# Heating



## Gedy (May 13, 2011)

Hello, im new on this forum so ill introduce myself quick :

Im Gedy, I live in Europe and my first Tegu will arrive 20 mai 

I have been researching Tegu's for over a year, and im realy excited about getting mine.
The only problem im facing right now is that I bought a realy nice cage for my baby but I don't get the temperature above 85 F.
I Have a 75W daylight spot and a UVB both from a brand the shop recommended. 

My question is : Should I buy a heatingmat or a ceramic heater or someting to get the right temperature ?


----------



## chelvis (May 13, 2011)

Avoid heating mats or any belly heat elements. Tegus dig and can distroy them easily. Also they can not tell that heat is coming from the ground and can burn themselve. 

You could us a ceramatic heater to bump the heat up, or exchange the 75W day spot for a 100w. Also where are you taking the temp from? Is that the temp at the basking spot, if so that is way to low. Put the themometer directly on the ground under where the spot hits. That is where you want the 100 degree basking temp. The ambiant temp of 85F is fine as long as basking temp is 100-110F. 
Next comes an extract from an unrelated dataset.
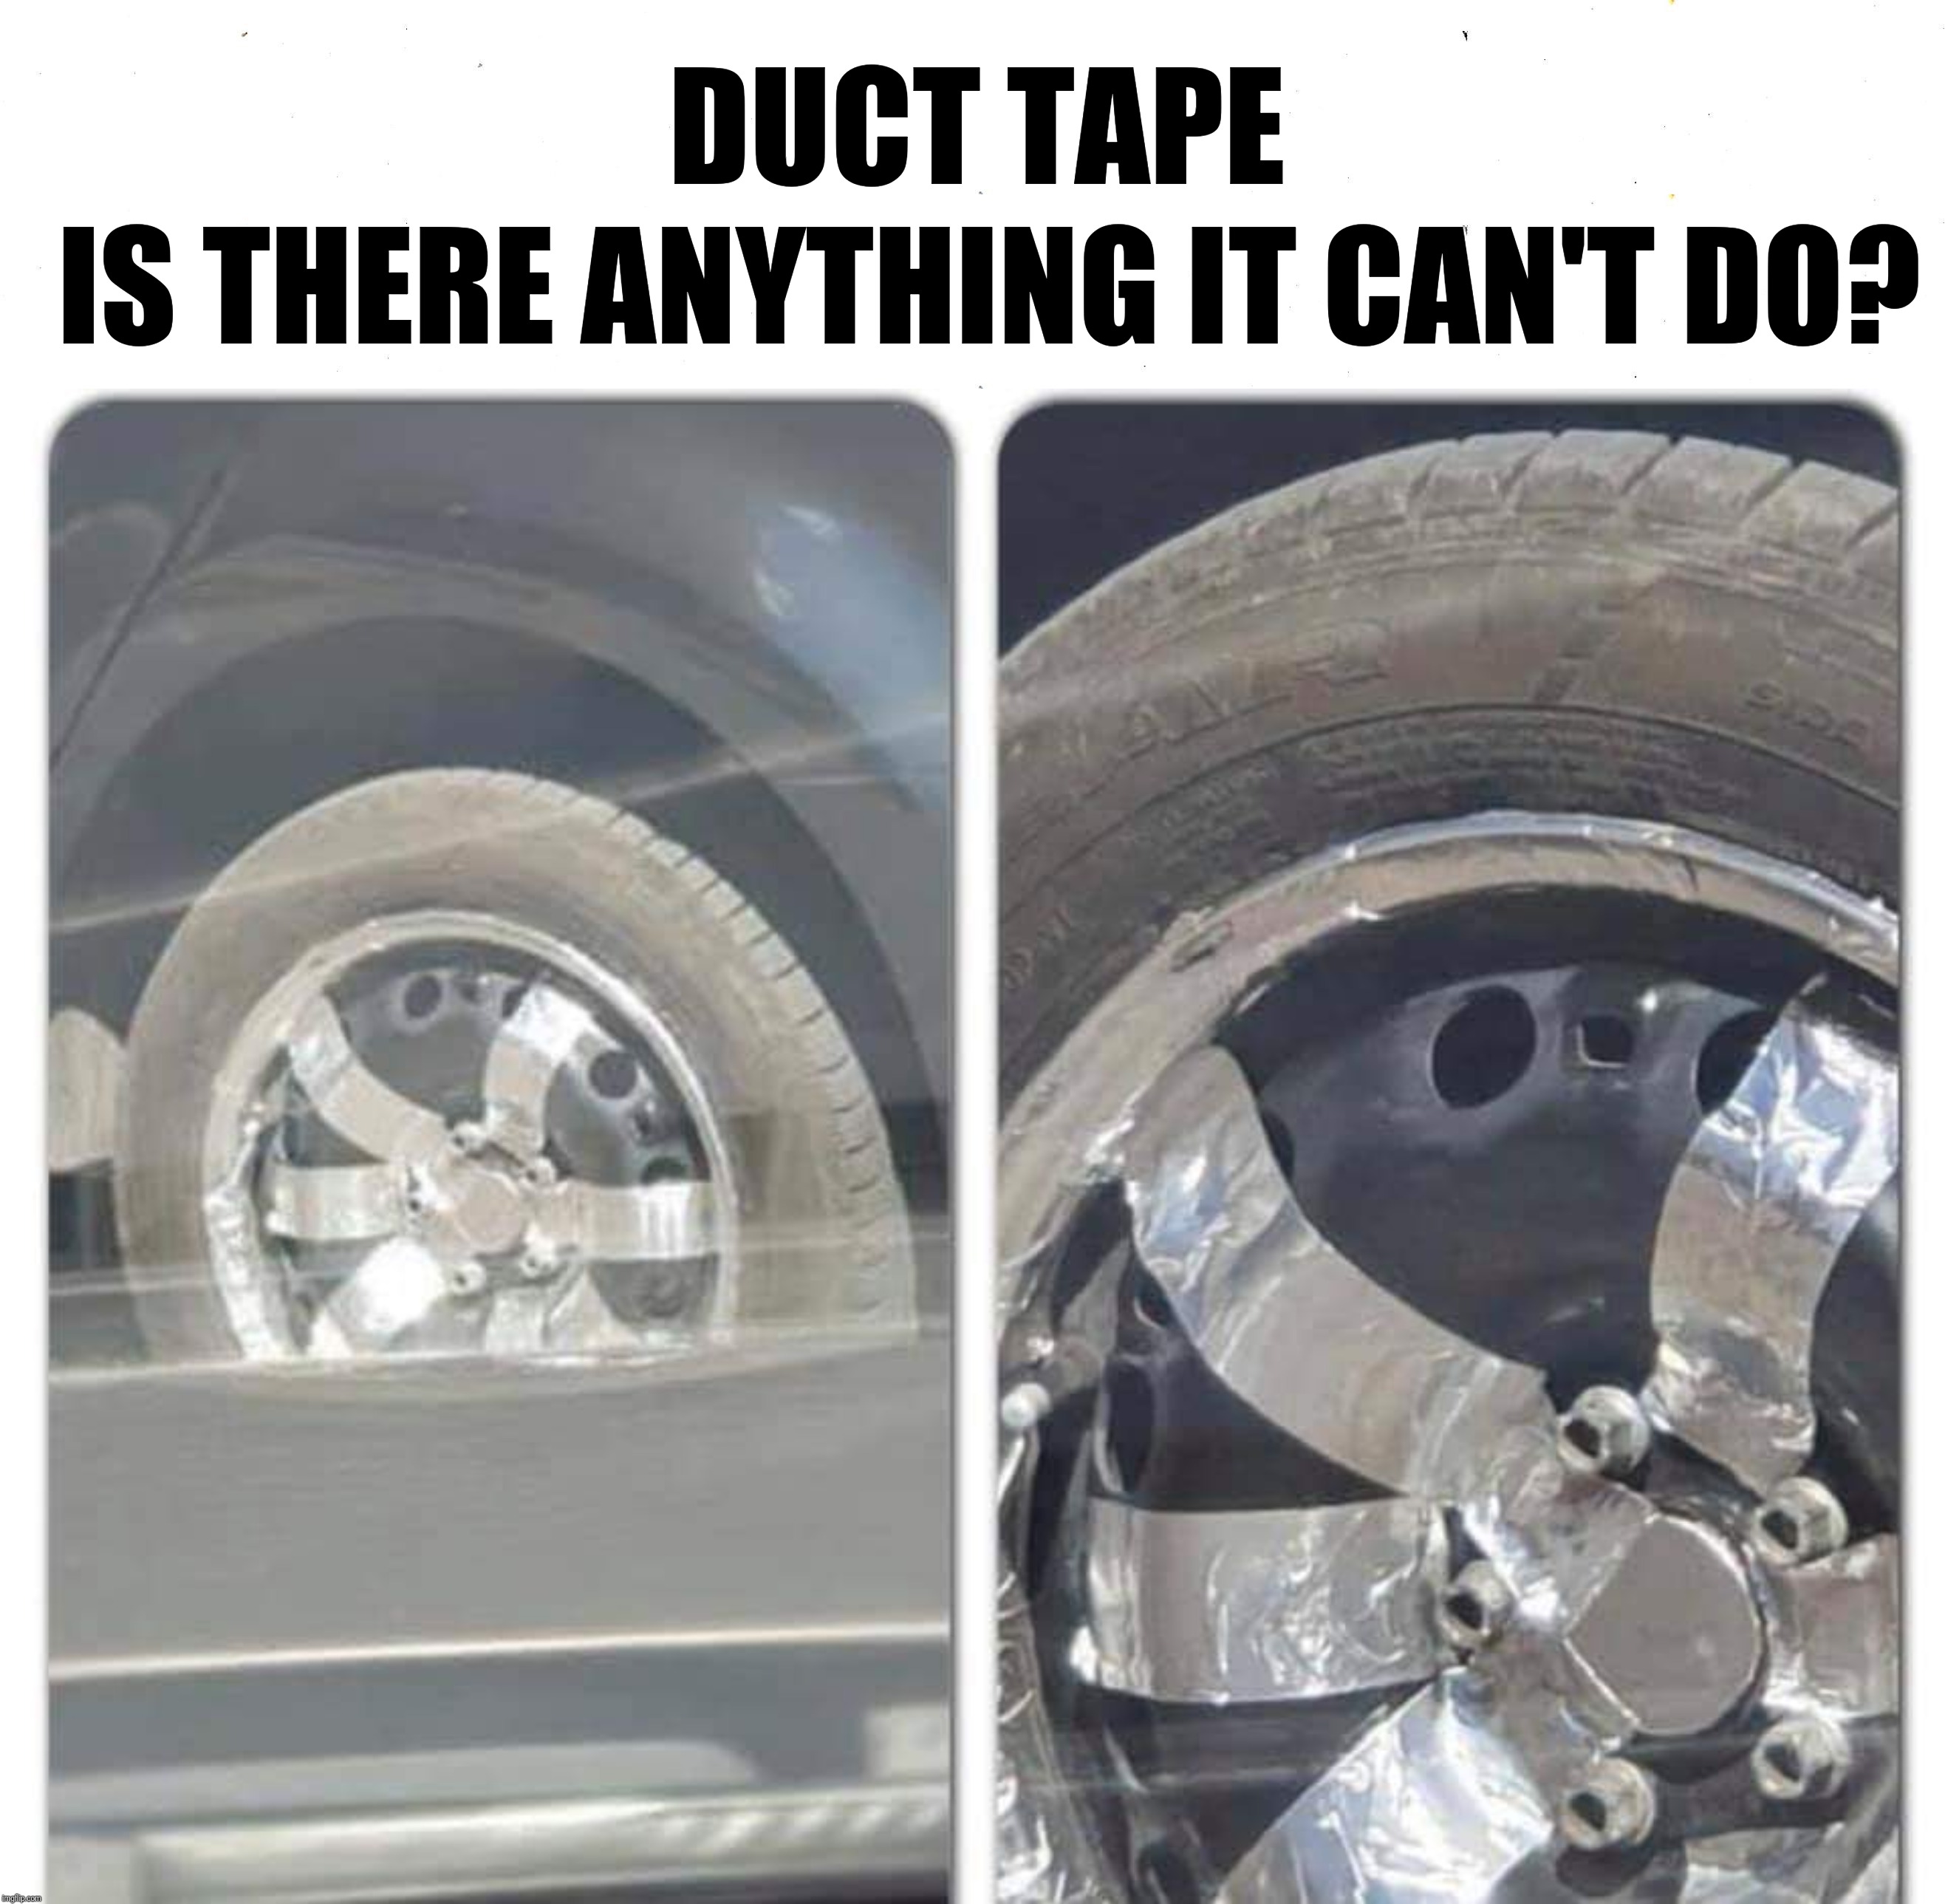 If they don't find you handsome | DUCT TAPE; IS THERE ANYTHING IT CAN'T DO? | image tagged in memes,funny memes,super,cars,duct tape,derp | made w/ Imgflip meme maker

Oh and Welcome to the form... sorry i forgot my manners.


----------



## Gedy (May 13, 2011)

Thanks for the quick response 

I took temp form just the hor side, but i know it was way to low so im glad you have a solution before my baby will arrive 
I will buy a ceramic heater for the basking spot, and I will see if I can get the temp up to 100F.


----------



## Strange_Evil (May 13, 2011)

I would just buy a higher wattage bulb, like switch from 75watt to a 100 or 160watt, better yet are Power Sun merucury vapor bulbs avail where your at?


----------



## Gedy (May 13, 2011)

I don't know about the Power Sun bulbs never heard of them, but im going to ask that straight away when I get to the store  What are the benefits from that ?


----------



## Toby_H (May 13, 2011)

I agree with increasing the 75W to a larger bulb...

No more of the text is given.